Cette approche est particulièrement utile pour déconstruire les mythes contemporains sur les animaux. Les peurs irrationnelles (les requins mangeurs d'hommes, les araignées mortelles) trouvent souvent leur origine dans des récits anciens que l'archéologie peut éclairer.
« Les animaux et nous BTS » : le livre de chevet dont tu as besoin
Au-delà de son intérêt scientifique, « Les animaux et nous » est un outil précieux pour les étudiants. Le thème du BTS est abordé de manière concrète, avec des exemples qui parlent à tous. Mais le livre va plus loin : il interroge notre rapport quotidien aux animaux, de l'assiette à la niche.
Comment regarder son chien après avoir lu que les chiens étaient enterrés comme des humains en Égypte ancienne ? Comment manger un steak après avoir appris que les bovins ont été sacrifiés pendant des millénaires ? Le livre de Pavel ne donne pas de réponses toutes faites, mais il pose les bonnes questions.
La lecture transforme le regard. On ne voit plus les animaux de la même manière. On comprend mieux leur histoire, leur place dans nos vies, leur rôle dans la construction de notre humanité. Et on réalise que la frontière entre l'homme et la bête est plus poreuse qu'on ne le croit.

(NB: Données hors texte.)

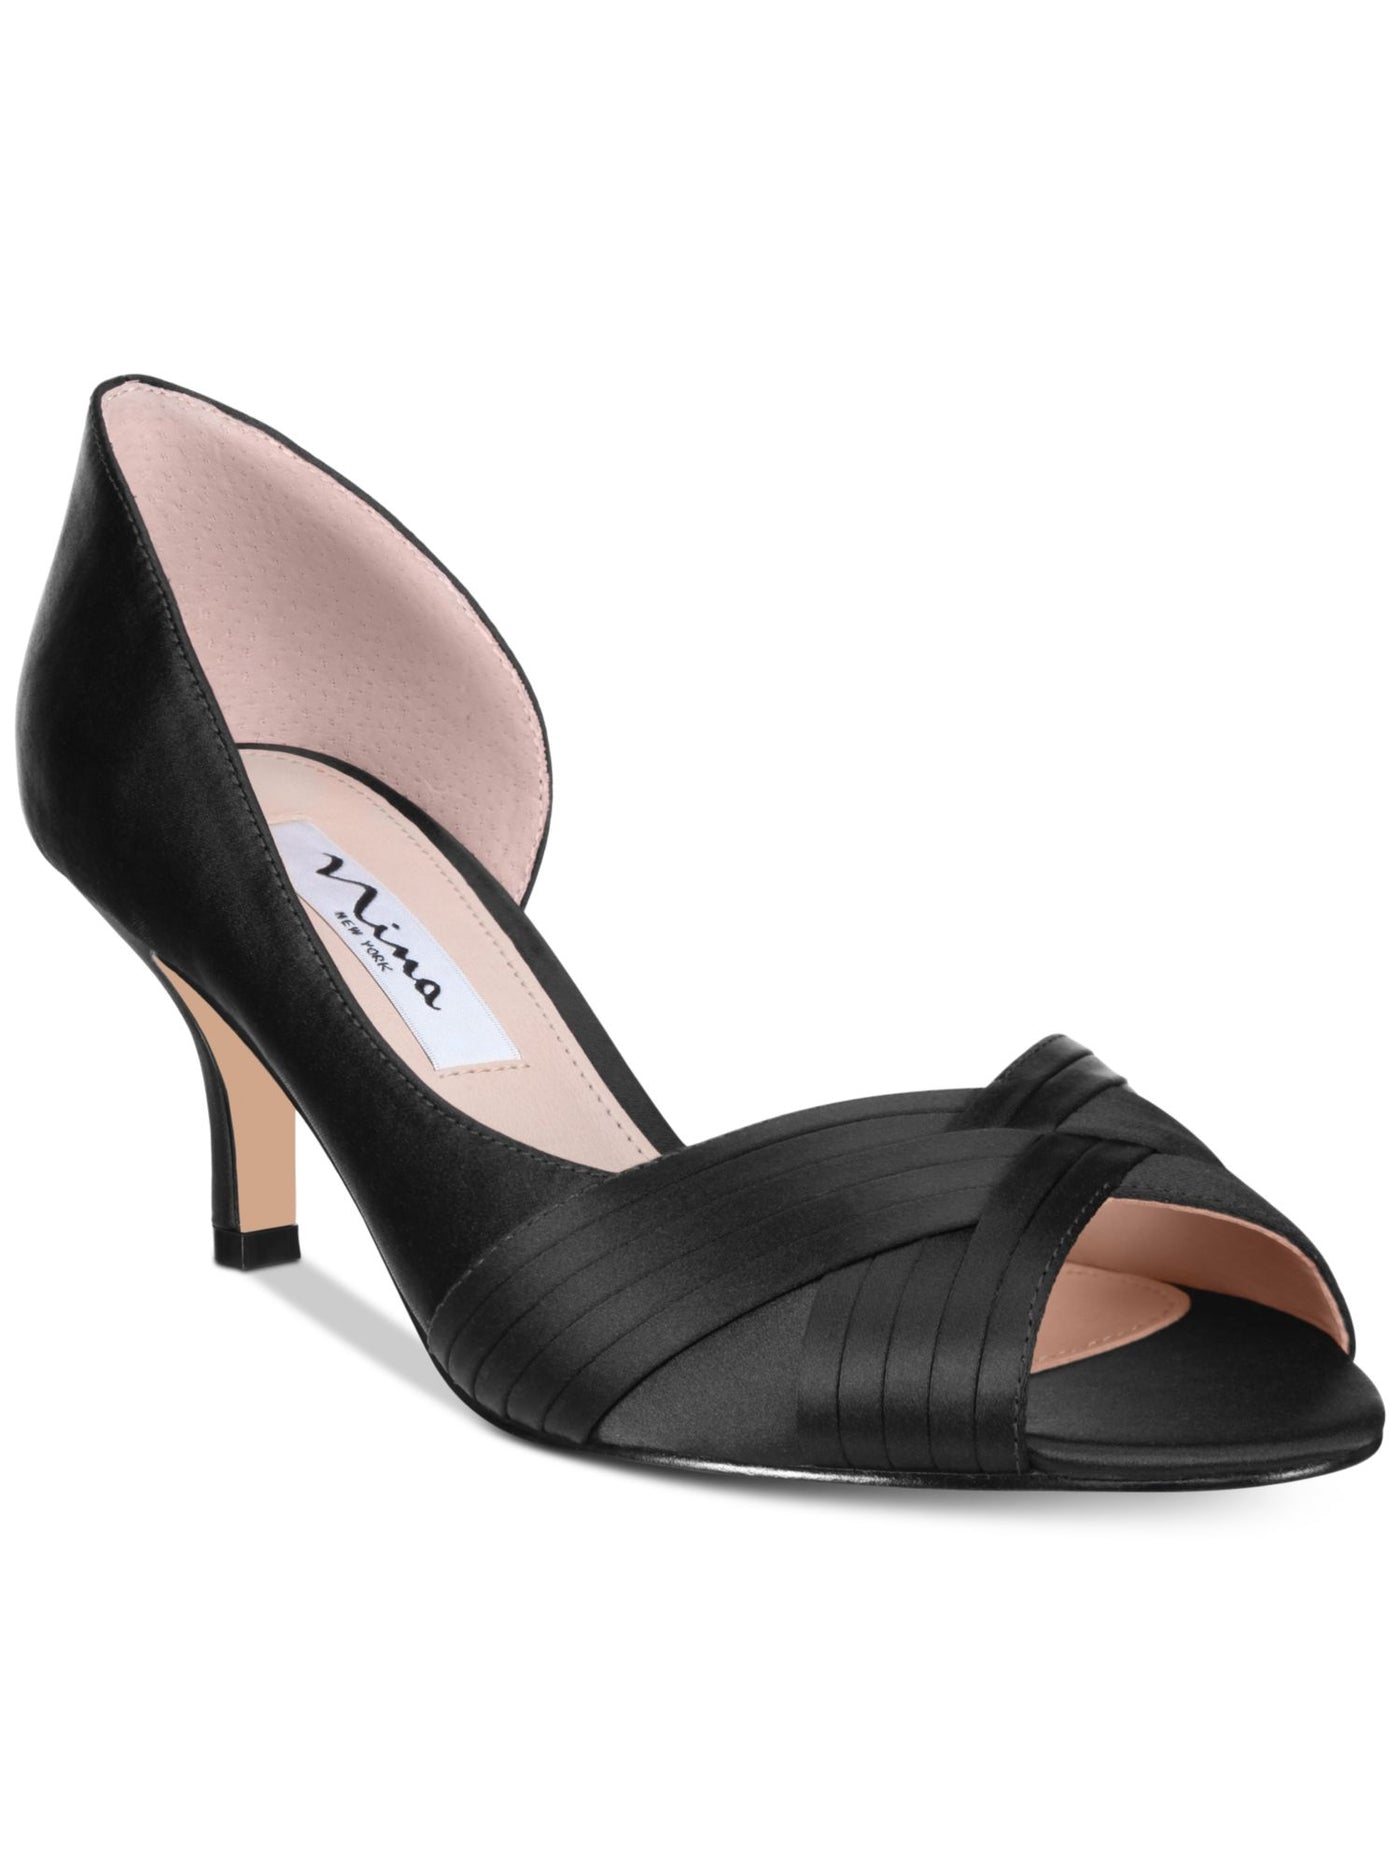 NINA NEW YORK Womens Black Crisscross Detailing D Orsay Padded Comfort Contesa Peep Toe Kitten Heel Slip On Leather Pumps Shoes 7.5 M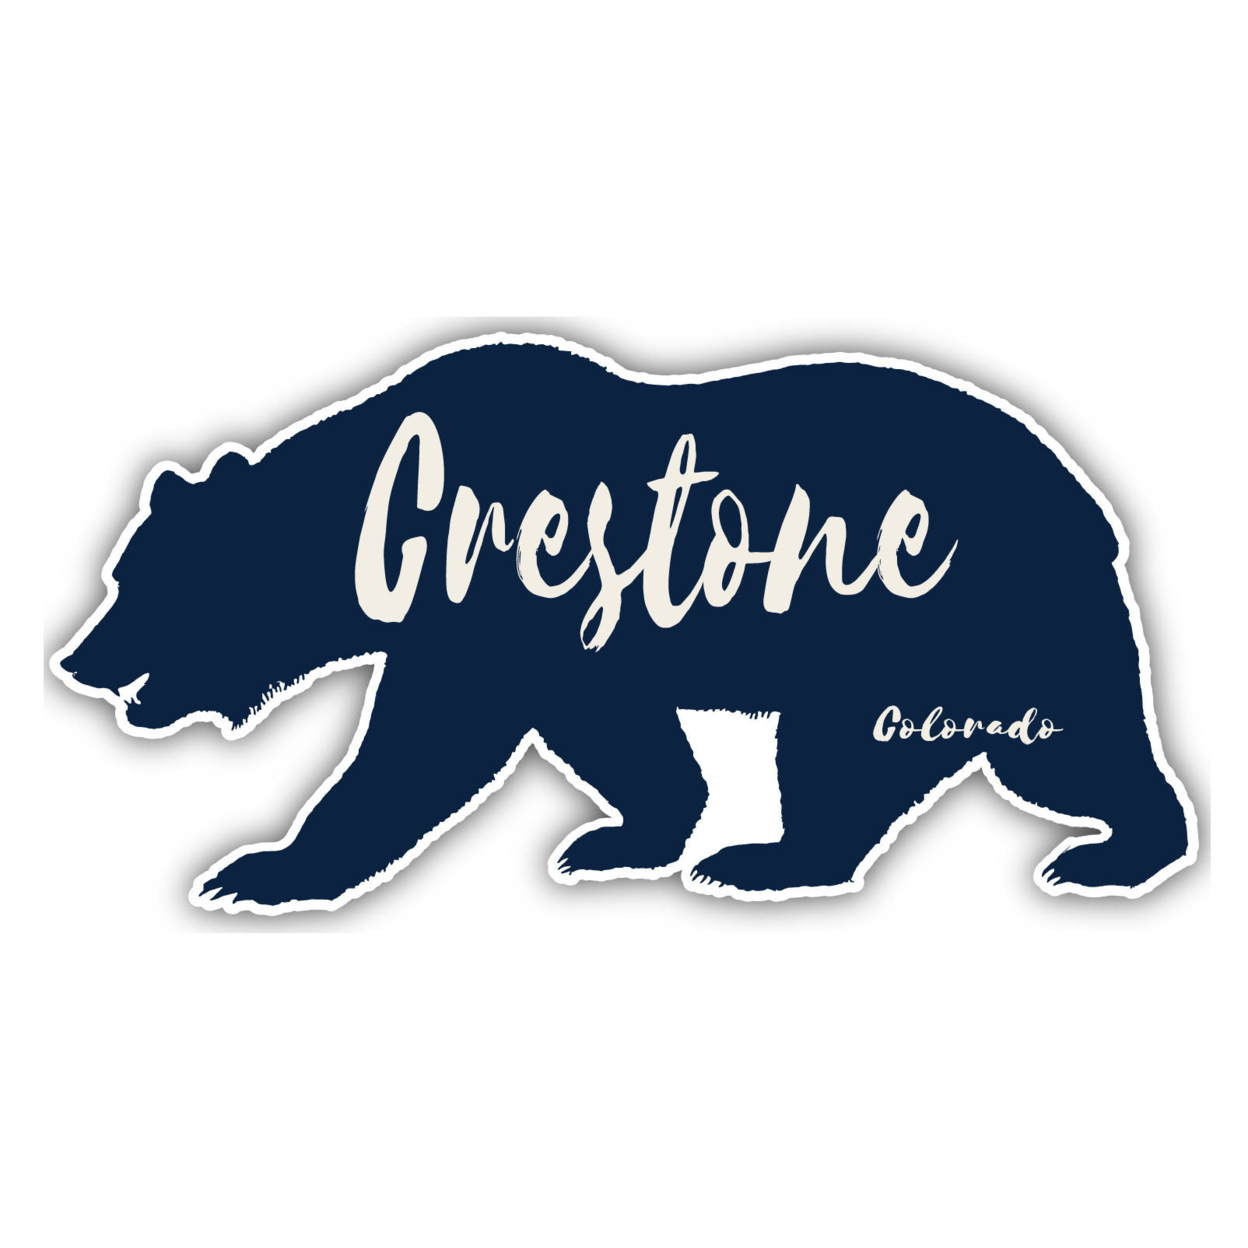 Crestone Colorado Souvenir Decorative Stickers (Choose Theme And Size) - Single Unit, 12-Inch, Camp Life

Du programme scolaire à l'assiette : une enquête qui donne à réfléchir
Le livre de Pavel dépasse largement le cadre scolaire. Il interroge le véganisme, l'élevage intensif, la place du chien et du chat dans la famille moderne. Le cheval de Caligula devient une métaphore de notre tendance à humaniser les bêtes, à leur prêter des intentions humaines.
Pour les étudiants en BTS, le livre offre une matière riche pour les dissertations. Les exemples sont nombreux, précis, documentés. On peut citer la tombe aux babouins pour illustrer la complexité des rites funéraires, le Viking incinéré pour parler de cosmologie, le cheval de Caligula pour analyser les rapports de pouvoir.
Mais le livre est aussi une lecture personnelle, qui change le regard sur son propre animal de compagnie. Après 416 pages d'enquête, on ne regarde plus son chien de la même manière. On comprend mieux ses besoins, son histoire, sa place dans notre vie.
Ce qui change dans notre regard quand on lit « Les animaux et nous »
La force du livre de Pavel est de transformer le lecteur. On entre dans l'enquête comme on regarde un documentaire, et on en ressort avec une vision du monde différente. Les animaux ne sont plus des objets ou des compagnons, mais des partenaires d'évolution, des êtres avec lesquels nous avons co-construit notre humanité.
Cette prise de conscience a des implications concrètes. Elle nous pousse à repenser notre alimentation, notre rapport à la nature, notre place dans le monde vivant. Elle nous rappelle que nous ne sommes pas seuls sur cette planète, que notre histoire est liée à celle des bêtes.
Et c'est peut-être la leçon la plus importante du livre : nous ne sommes pas des maîtres, mais des partenaires. Les animaux ne sont pas des ressources, mais des êtres avec lesquels nous partageons une histoire commune. Une leçon d'humilité, portée par une enquête archéologique passionnante.
Conclusion
« Les animaux et nous : une enquête archéologique » de Cătălin Pavel est bien plus qu'un essai savant. C'est une plongée dans l'histoire oubliée de notre relation aux bêtes, une enquête qui mêle érudition et humour, rigueur scientifique et art du récit. Pour les étudiants de BTS qui affrontent le thème au programme, c'est une mine d'exemples concrets. Pour les curieux, c'est une lecture qui transforme le regard. Après 416 pages, on ne regarde plus son animal de la même manière. On est plus humains, mais aussi un peu plus proches des bêtes.